1615 Views 8 Replies 9 Participants Last post by  +BlueMerle
I've been stressing out about wanting a dog for the past month.

I love animals - having raised an array very personally all through my life, and having 3 of my own now (turtle, tortoise, cat - all whom I've had for over 5 years, and one who I've had for 16). I am an extremely good animal owner, because I treat them like my best friend while still taking care of them. My cat is even trained to come to her name being called, stay, and stop when I say "no".

I want a dog because I want someone that is more active than my cat, and a little more "friend like", if that makes sense (I take care of my cat a lot and snuggle, train her, and walk her all the time, and she is always so excited that I'm home - even will play "peek a boo" when I walk through the door, but it's still not that excitement and that very high-energy friendship. That is not to say I don't love my cat - she is the closest I'll ever get to having a child).

Problem is, there's a lot of change in my life right now. I'm taking a gap year in between finishing my bachelor's degree, and starting next year, I'll be working part time and be in school about 20 hours a week. The career I'm is known for being unpredictable. I'm applying for a new job right now, and I'm hoping I can take my dog to work with me (worry not -- I'm not adopting before I have my job and hours set). I also want to travel, though again, because of my career, I could be traveling once a year or 10+ times a year within the next decade.

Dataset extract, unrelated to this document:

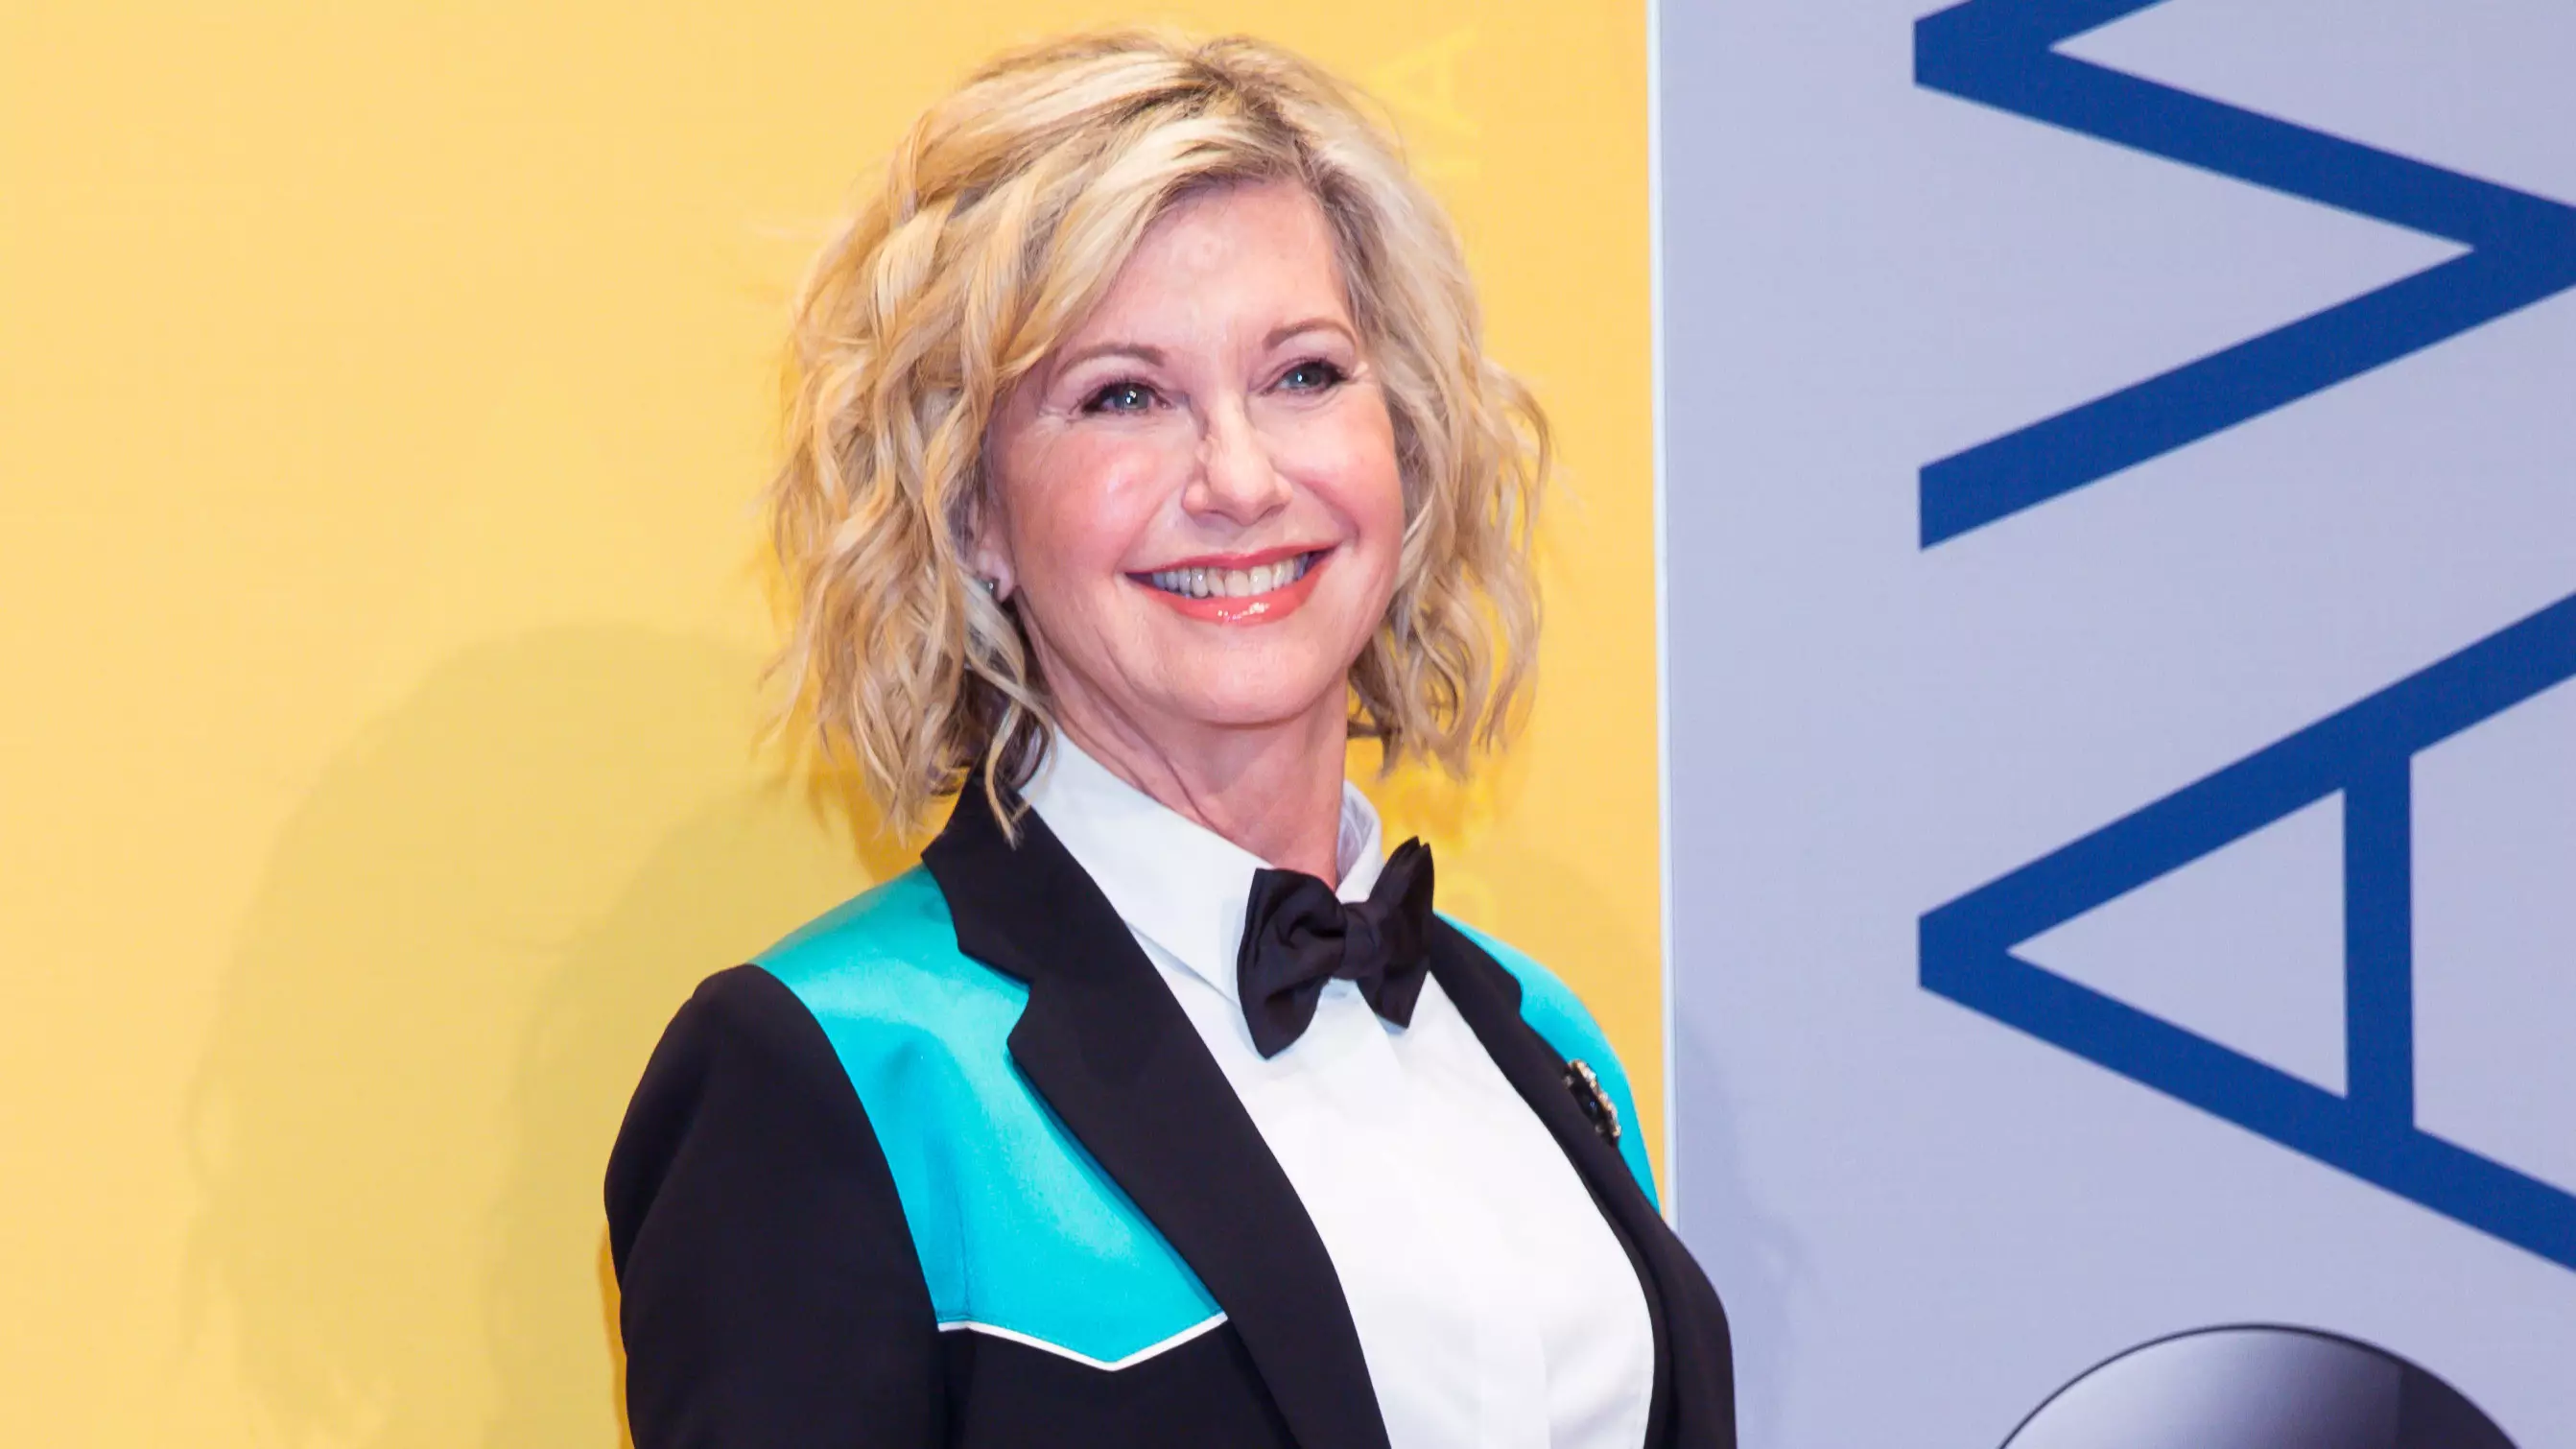 Olivia Newton-John's Manager Describes Reports She's 'Dying' As 'Laughable'

I really want to get a dog though. I don't have many friends, and don't like having many friends because I am so fiercely loyal and deeply attached to the ones I do have (which drives them crazy), and although I am very lucky and a happy person, I often feel lonely or like I have no place to go for any kind of connection to others people. To me, animals are as much people as "human" people are - that, with the love I have for animals, makes me want to get a dog. But I'm extremely stressed about the commitment and the time/travel (not "time-travel" as in back to the future, but "time / travel").

I've thought about fostering or adopting an older dog. My issue with an older dog is that I fear it might not be able to keep up with my lifestyle (I am an active person, and absolutely want to be out and about with my dog a decent amount of time, and have them play with my sister's 3 dogs at the beach or something). Fostering is a slight issue for the reason that it still does not alleviate my fears: I do not want to give a dog back to the shelter unless it is adopted. That's got to be terrible for the dog, and if I have the dog for 5 months then take it back, then the family that does adopt it is going to have to wait for at LEAST 5 months before the dog realizes that it's got a home. Then, it still does not alleviate my fears on time constraints (that I don't even know if they exist yet).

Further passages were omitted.